First off, get your sick pigeon on Baytril, now! If your dad doesn't have Baytril, then get a list of what he does have, and post it. Disinfect your loft completely from head to toe with a disinfectant made for pigeons -- I'm thinking your dad probably has some. I think this is a bacterial infection, and it can spread really fast -- so it's important to move quickly on this. 

I just saw that you have a post going about the dove over in the 'found a pigeon or dove' section -- I'll respond over there.


----------



## fantaillover100 (Jan 21, 2011)

okay, Ive put the bird inside and put in on a heat pad


----------



## minimonkey (Apr 7, 2005)

That's a good start. I'm sorry in advance if this sounds condescending, I don't mean it that way.... but I wish you had done that two days ago, when you first posted about the limping and both Dima and I suggested bringing her in. I am glad you've done it now, though, and we'll work from here. 

I have two concerns -- first, the sick pigeon, and second, the rest of your birds. For future reference, any time a bird looks ill or even injured, you should separate it right away. This really is a "better safe than sorry" sort of situation -- way too many people find this out the hard way. 

If your sick one isn't able to eat, she is going to need to be hand fed --and I really think she needs Baytril now -- and I mean as soon as possible, not in a couple of days.

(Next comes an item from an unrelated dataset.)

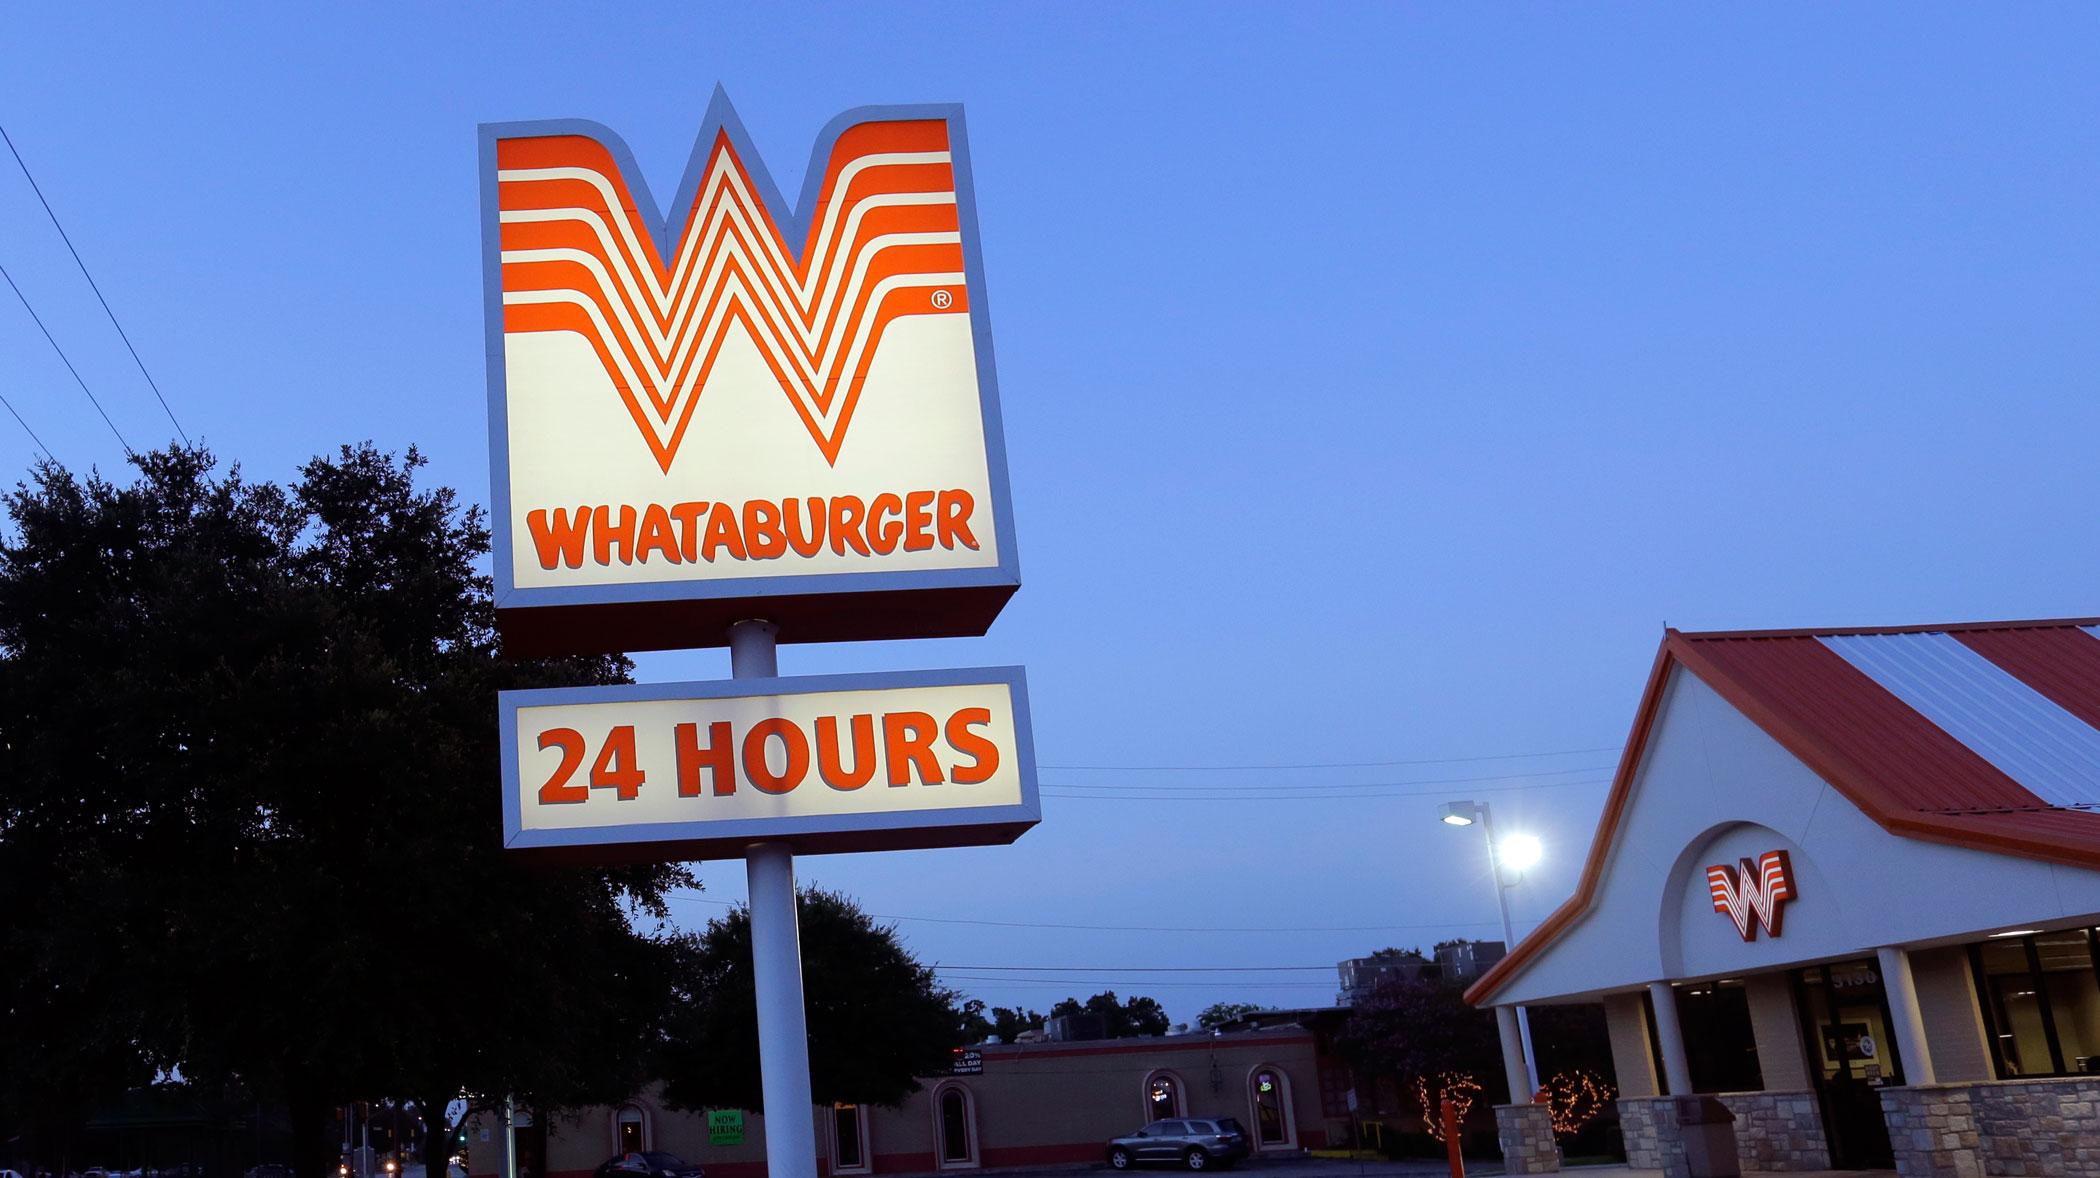 Whataburger on July 9, 2015 in San Antonio.

Please contact your dad and see if he has some. I suspect your bird has either paratyphoid or ecoli, both of which can kill them pretty quickly. The sooner your bird gets on medication, the better. See if your dad has enough Baytril for the whole flock, in case others start showing symptoms. 

Please, please clean and disinfect your loft, and wash and disinfect your hands after handling this bird. I don't want to see this spreading.


----------



## fantaillover100 (Jan 21, 2011)

Yep, I had separated her straight away once I saw her leg since that's use said to do and I got some med's for her (my dad gave it to her) I don't know what he gave her and the name of it though. I have just cleaned the loft where the other birds were as well.


----------



## minimonkey (Apr 7, 2005)

Ah, okay -- I was just confused, then. 

I hope your little bird starts to feel better very soon -- was it a shot or a pill he gave her? 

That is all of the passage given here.